About this exercise
Keep images out and repeat all data exactly.

Information shown
-*-

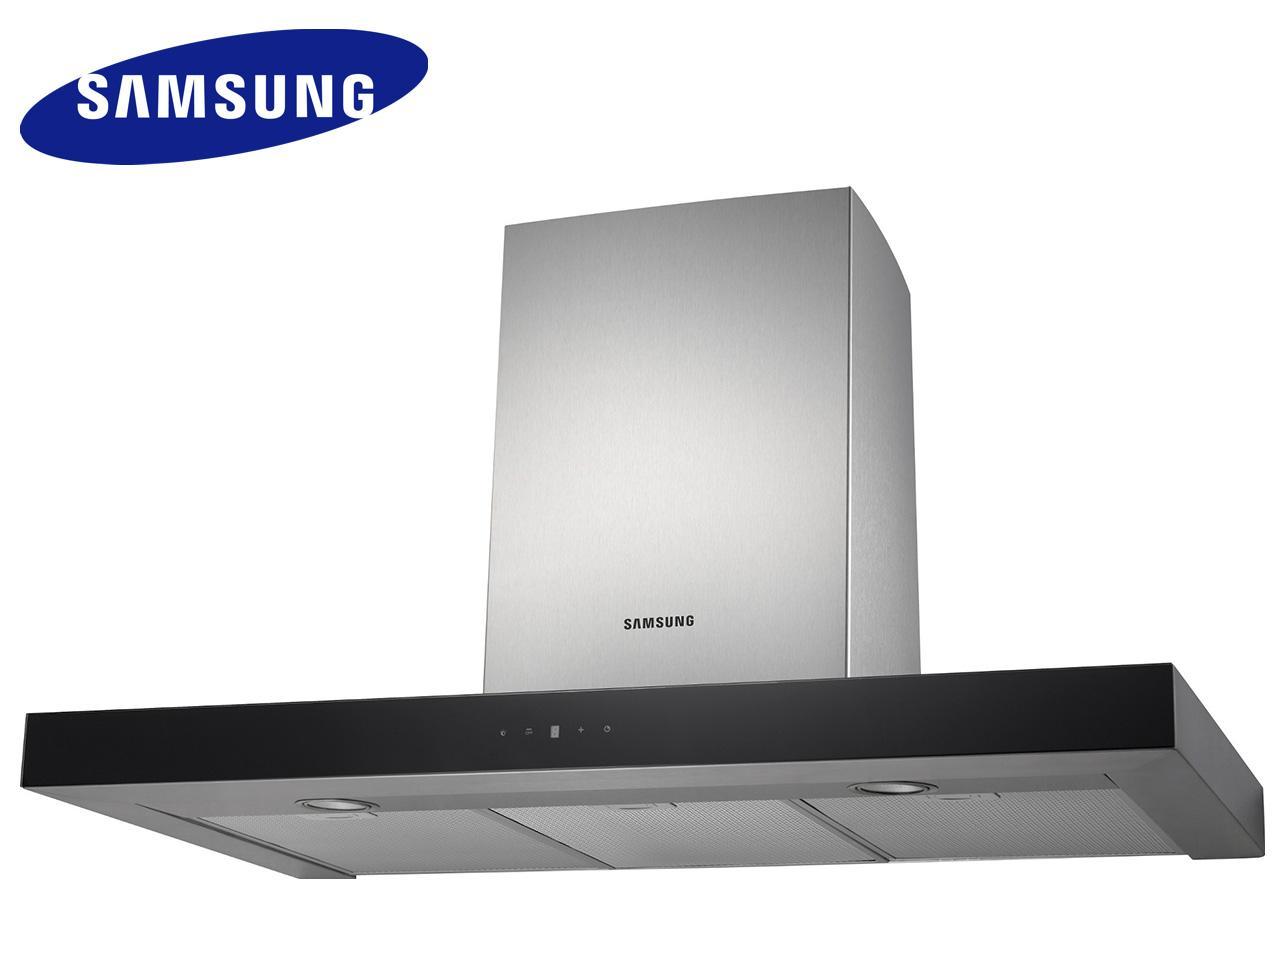 SAMSUNG HDC9A90UX, šíře 90 cm + 200 Kč na dárky nebo další nákup | CHAT on-line podpora PO-PÁ 8-22.00!!
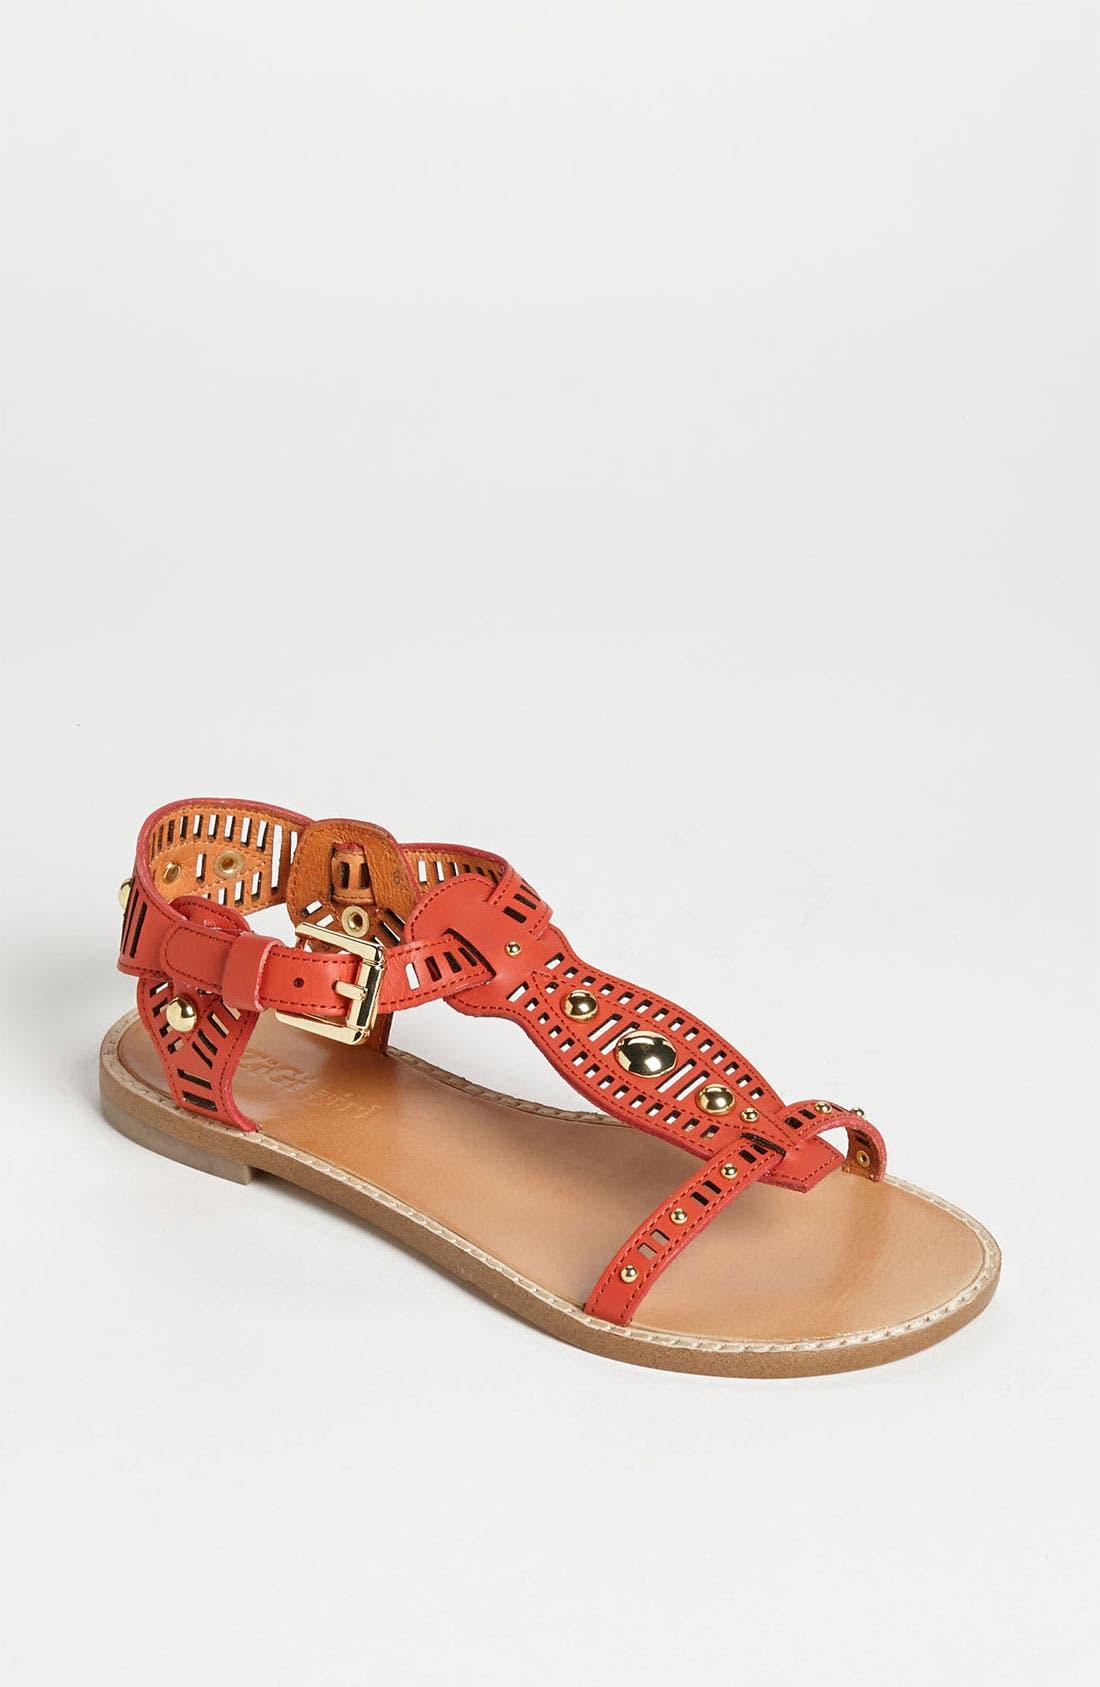 Alternate Image 1 Selected - ZiGi girl 'Elena' Sandal
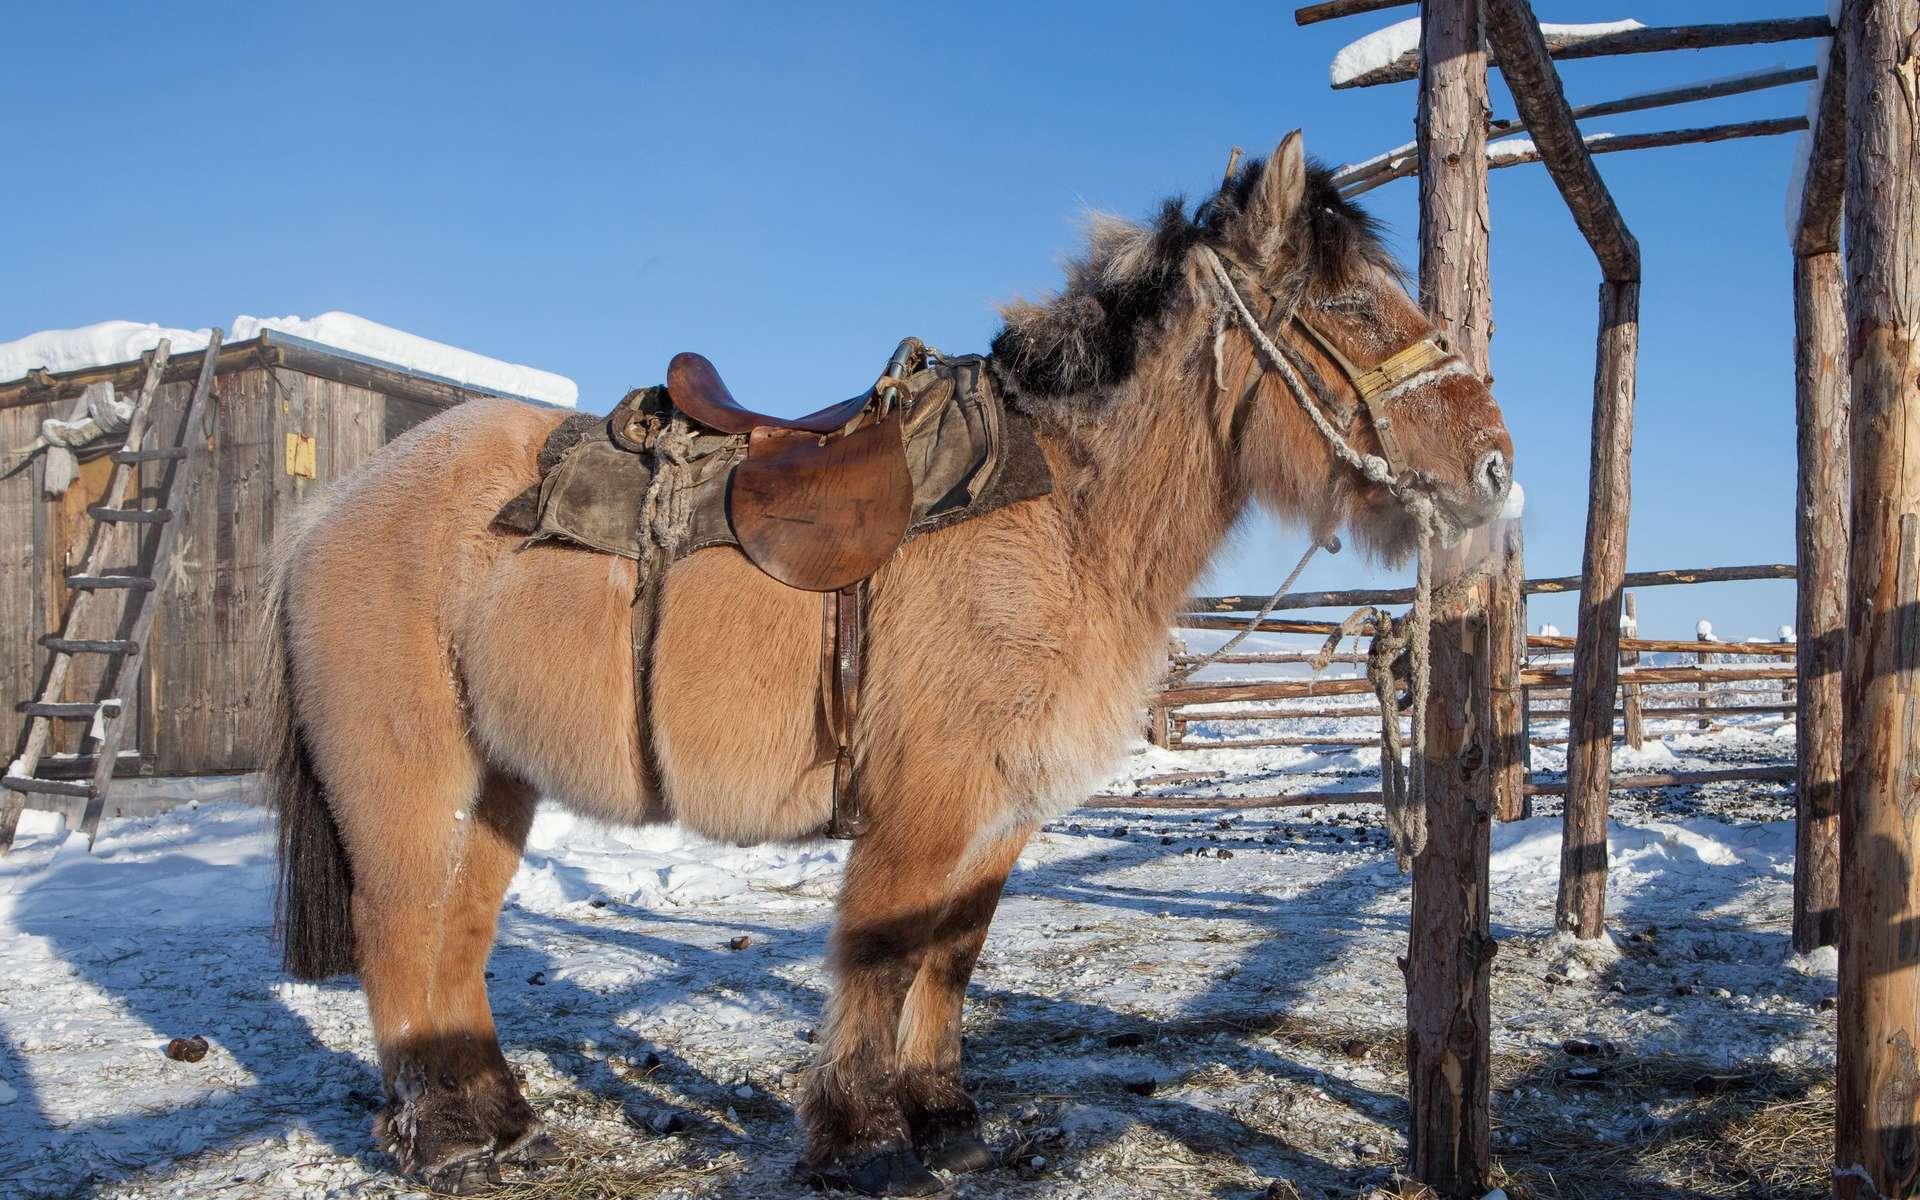 Le cheval (ou poney) iakoute, semi-sauvage, est bien adapté au difficile climat de la Sibérie. La croyance populaire veut que cette race soit ancienne. L'analyse génétique montre qu'il n'en est rien et que l'adaptation s'est réalisée étonnamment rapidement. © Maarten Takens, CC by-sa 2.0

-*-

Result below
 SAMSUNG HDC9A90UX, šíře 90 cm + 200 Kč na dárky nebo další nákup | CHAT on-line podpora PO-PÁ 8-22.00!!
 Alternate Image 1 Selected - ZiGi girl 'Elena' Sandal
 Le cheval (ou poney) iakoute, semi-sauvage, est bien adapté au difficile climat de la Sibérie. La croyance populaire veut que cette race soit ancienne. L'analyse génétique montre qu'il n'en est rien et que l'adaptation s'est réalisée étonnamment rapidement. © Maarten Takens, CC by-sa 2.0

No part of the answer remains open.